# What Time Is It?  Adventure Time!



## Werebat (Oct 5, 2013)

"I think 2013 will go down in pop culture as the year of the geek. I can’t think of any other time in my life when everything I love is front and center, in-your-face, practically mainstream. The rpg industry has had an explosion of creativity, with really great games like 13th Age, Numenera, and Star Wars: Edge of the Empire quickly taking the foreground. Fantasy-based shows like Once Upon a Time and Arrow are back for a second season, and new geek shows like Marvel’s Agents of S.H.I.E.L.D., Heroes of Cosplay, and Fangasm are flooding the tv channels."
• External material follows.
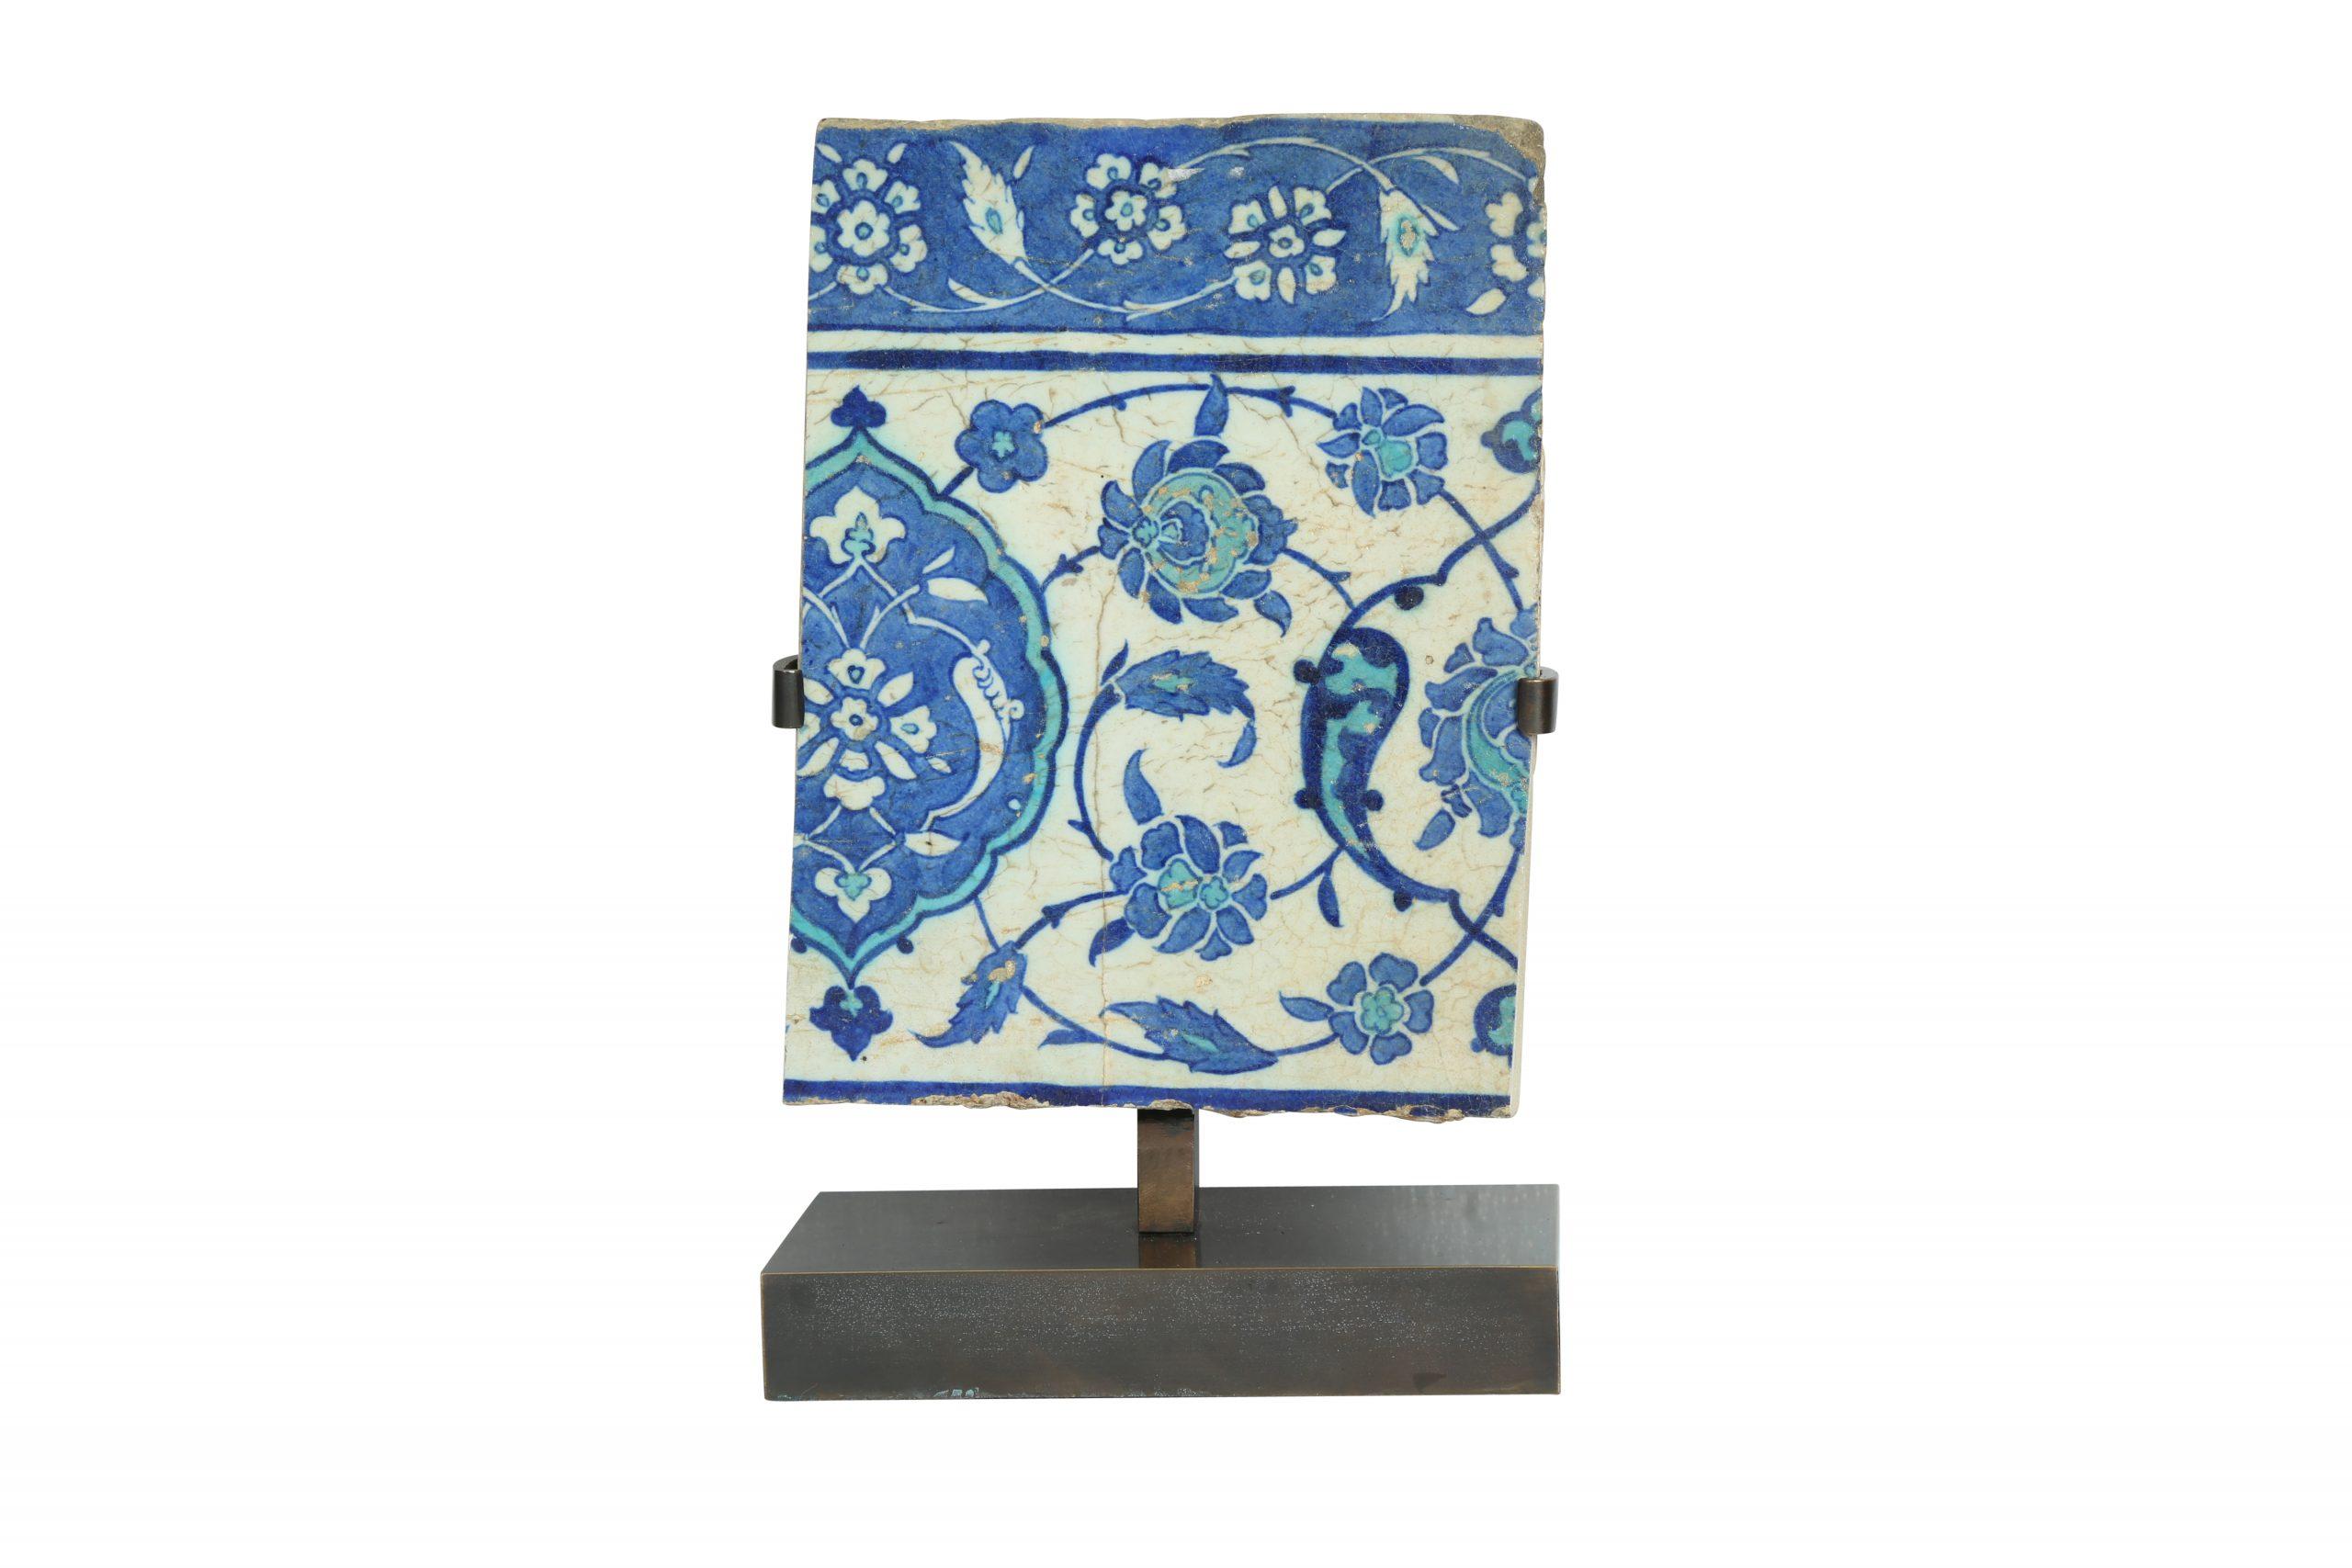 An iznik blue and turquoise pottery tile fragment. Ottoman Turkey, 16th century. Estimate £800 - £1,200

I...  I've never heard of any of these things.

Now I just feel old.


----------



## frankthedm (Oct 5, 2013)

delete this


----------



## Kinak (Oct 23, 2013)

Great overview!

Seriously, I don't watch TV at all, so it's nice to know what's out there. My spouse and I might grab a modern TV show after we catch up on Star Trek... but we're in Season 2 of the Original Series now.

Not a show, but I'm still working out the kinks of Legend of Zelda (or WoW raid) style bosses in Pathfinder. It's certainly been an interesting experience 

Cheers!
Kinak


----------